Let Pop Culture Carry Your Brand

Yet brand identity is so much more than just your logo. It is about the overall image that you want to send across and most of all it is about bonding with your target audience and retaining their loyalty. 64% of people cite shared values as the main reason they keep a loyal relationship with a brand, while almost half of Americans expect brands to know their desires and needs and enable them to discover new products or services that suit them. In other words, consumers tend to prefer brands with a familiar face and associated with things they already know and like.

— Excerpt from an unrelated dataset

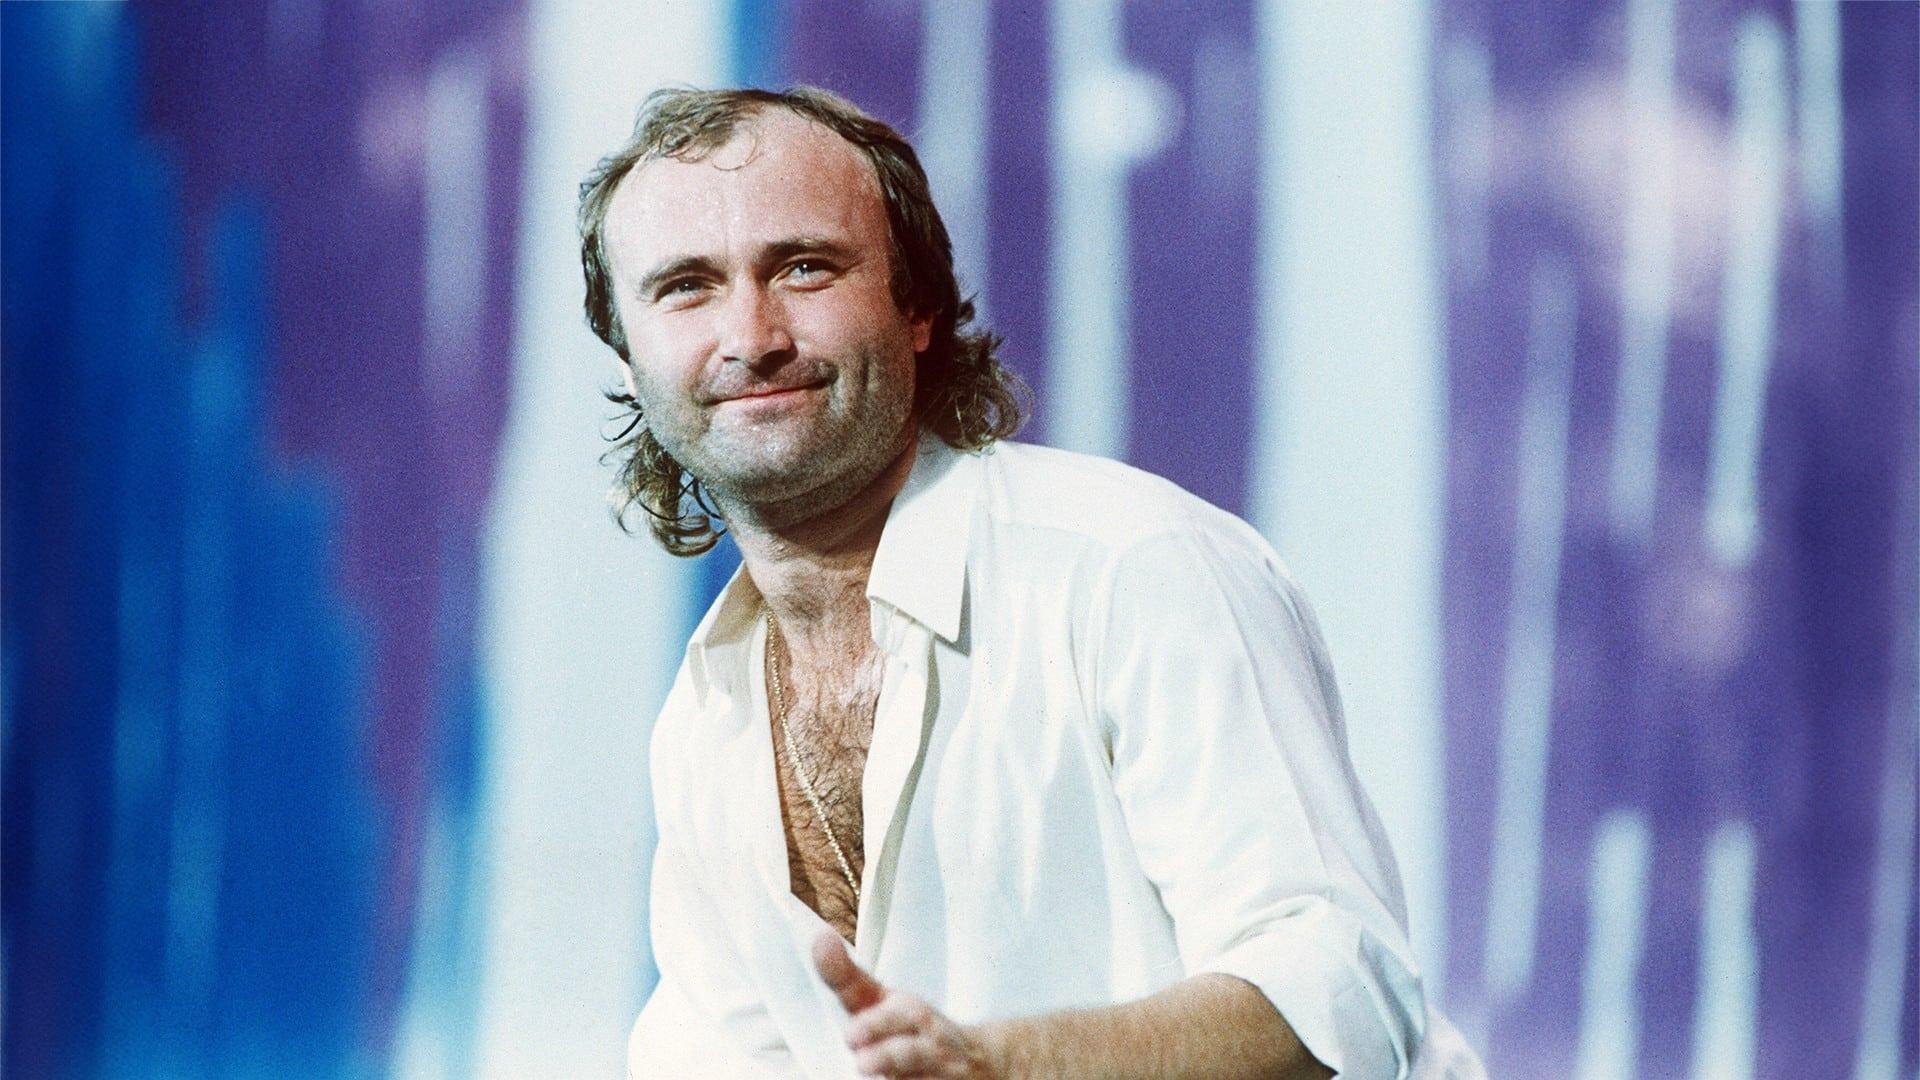 Phil Collins at the BBC backdrop
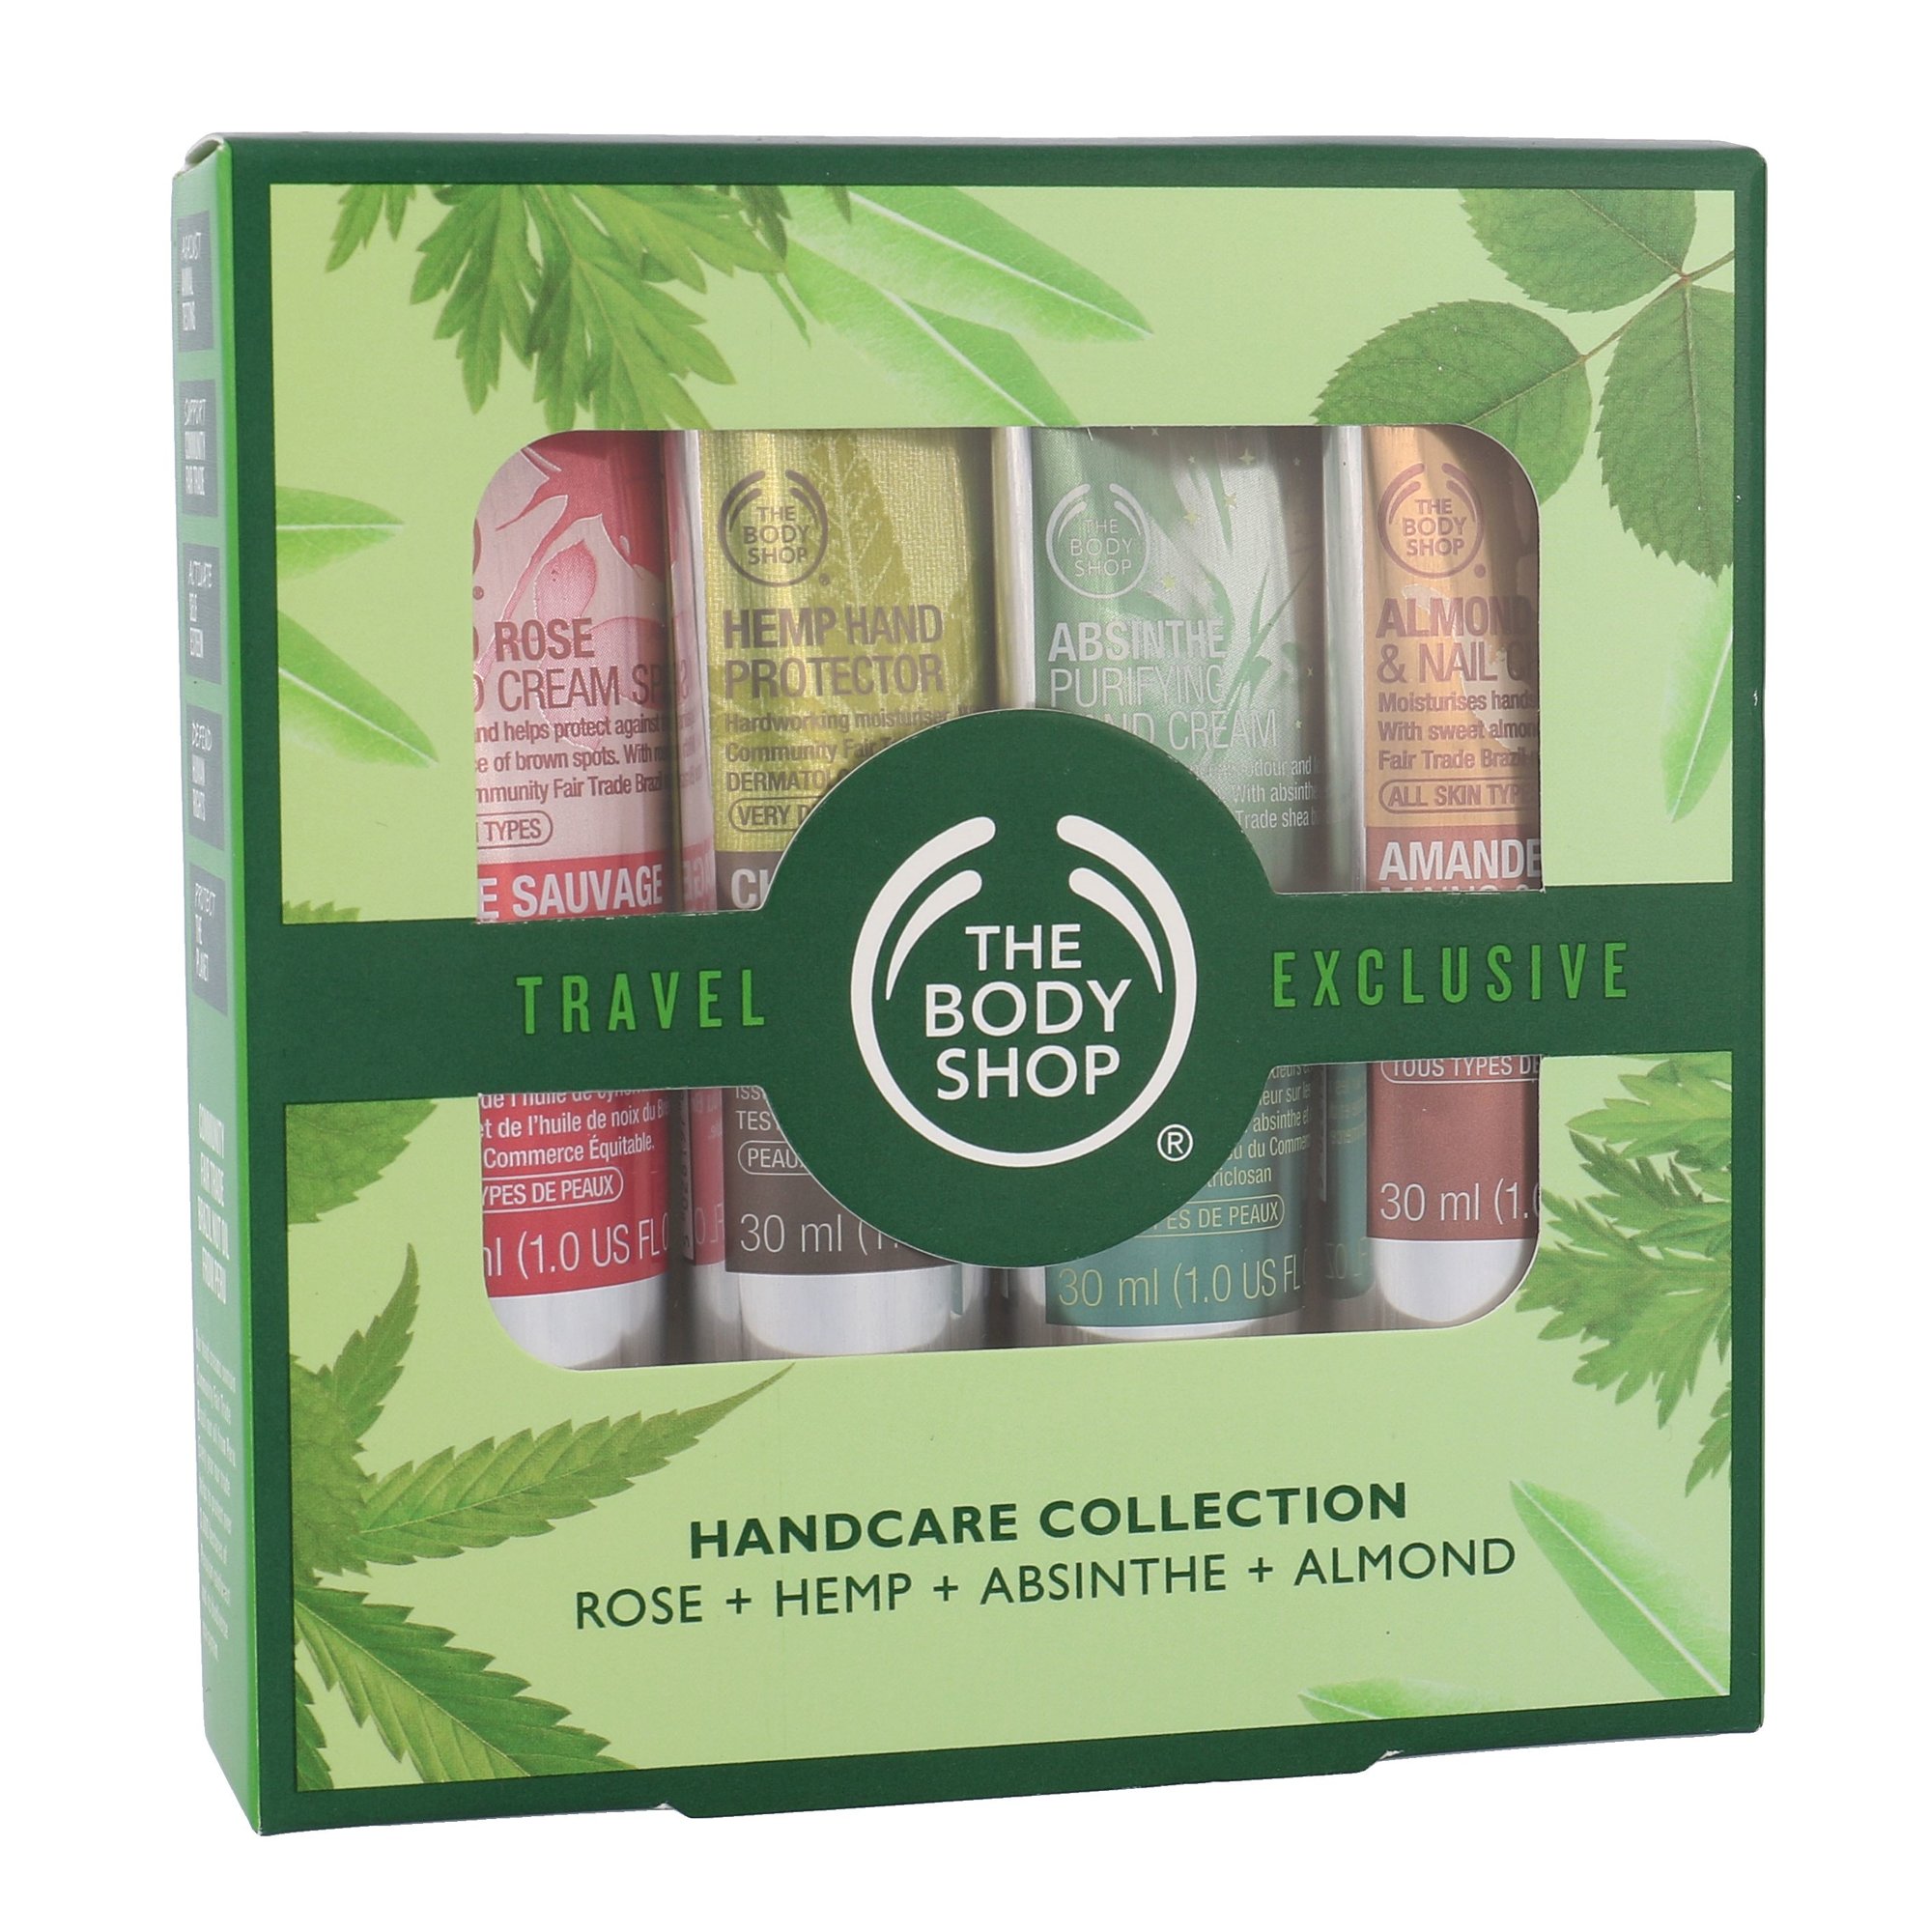 The Body Shop Handcare Collection

Enter pop culture. There is nothing more pervasive than popular cultural trends – and they make for a successful marketing campaign, to boot. A study revealed that out of 345 marketing campaigns examined, 28% of the most successful relied on pop culture references. This does not necessarily mean building the whole brand around a pop culture item, but cleverly associating services or products is a creative way to break into previously uncharted customer territory. For example, apps available on Google Play regularly capitalize on pop culture, such as the latest Minion Rush game, while online gaming regularly turns to more established pop culture themes to attract new players, such as new bingo sites featuring designs based on Monopoly or the popular TV show Deal or No Deal.

Say It with Colour

Lastly, creative branding means considering aspects of the brand identity that are not usually in the forefront – and yet weigh heavily on consumers’ choices. Consider colour, for example: according to research by the Secretariat of the Seoul International Color Expo, 92.6% of those interviewed said that they mostly take into account visual factors when purchasing goods and 84.7% said that colour accounts for more than 50% among the various determinative factors when choosing products.

There are countless examples that spring to mind which prove that the right colour choice may increase brand recognition – according to research, by roughly 80%. Just consider the Starbucks green or the Coca-Cola red. Customers associate different colours with different attributes: orange is seen as creative and friendly, white is associated with innocence, red with excitement and passion, and blue with trust and smartness – in fact, blue is the most popular company logo colour, which comes as no surprise since 42% of people cite it as their favourite colour.

So whether we are talking establishing a brand identity from scratch or relaunching a brand’s image, the important thing to keep in mind is to be creative. Thinking out of the box and knowing where to focus in developing a brand image is key for a successful result that captures consumers’ minds and hearts – and, more importantly, their shopping habits.